YOUR GOAL :: Retype, without alteration, each line from the line containing "Piękny świąteczny stół, oprószony" to the final line of the records.
PROVIDED RECORDS START
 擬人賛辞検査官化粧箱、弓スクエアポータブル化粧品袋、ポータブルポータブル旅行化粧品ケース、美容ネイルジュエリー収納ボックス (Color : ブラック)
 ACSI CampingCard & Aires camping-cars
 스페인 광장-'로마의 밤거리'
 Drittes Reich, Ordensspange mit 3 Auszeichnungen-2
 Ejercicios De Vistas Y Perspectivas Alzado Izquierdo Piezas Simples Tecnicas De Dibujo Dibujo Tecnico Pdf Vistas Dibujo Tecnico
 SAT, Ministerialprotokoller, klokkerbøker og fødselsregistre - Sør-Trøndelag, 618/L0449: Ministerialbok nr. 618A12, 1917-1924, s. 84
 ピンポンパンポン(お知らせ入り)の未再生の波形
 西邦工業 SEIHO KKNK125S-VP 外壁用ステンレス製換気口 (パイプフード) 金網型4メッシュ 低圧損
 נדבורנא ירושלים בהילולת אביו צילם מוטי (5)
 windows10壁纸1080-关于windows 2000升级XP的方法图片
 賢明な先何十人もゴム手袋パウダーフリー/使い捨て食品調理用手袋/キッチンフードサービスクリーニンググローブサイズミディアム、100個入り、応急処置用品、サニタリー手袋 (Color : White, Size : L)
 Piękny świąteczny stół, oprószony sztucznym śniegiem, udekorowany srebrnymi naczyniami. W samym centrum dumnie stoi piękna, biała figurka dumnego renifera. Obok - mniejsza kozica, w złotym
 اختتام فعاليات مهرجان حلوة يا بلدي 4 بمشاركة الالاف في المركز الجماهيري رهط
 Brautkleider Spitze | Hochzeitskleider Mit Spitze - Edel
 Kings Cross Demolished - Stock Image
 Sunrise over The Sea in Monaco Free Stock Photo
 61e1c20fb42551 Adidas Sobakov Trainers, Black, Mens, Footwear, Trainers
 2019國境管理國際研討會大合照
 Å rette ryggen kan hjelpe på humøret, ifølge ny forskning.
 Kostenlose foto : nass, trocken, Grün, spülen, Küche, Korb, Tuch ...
PROVIDED RECORDS END
REPLY TO THE TASK ::
 Piękny świąteczny stół, oprószony sztucznym śniegiem, udekorowany srebrnymi naczyniami. W samym centrum dumnie stoi piękna, biała figurka dumnego renifera. Obok - mniejsza kozica, w złotym
 اختتام فعاليات مهرجان حلوة يا بلدي 4 بمشاركة الالاف في المركز الجماهيري رهط
 Brautkleider Spitze | Hochzeitskleider Mit Spitze - Edel
 Kings Cross Demolished - Stock Image
 Sunrise over The Sea in Monaco Free Stock Photo
 61e1c20fb42551 Adidas Sobakov Trainers, Black, Mens, Footwear, Trainers
 2019國境管理國際研討會大合照
 Å rette ryggen kan hjelpe på humøret, ifølge ny forskning.
 Kostenlose foto : nass, trocken, Grün, spülen, Küche, Korb, Tuch ...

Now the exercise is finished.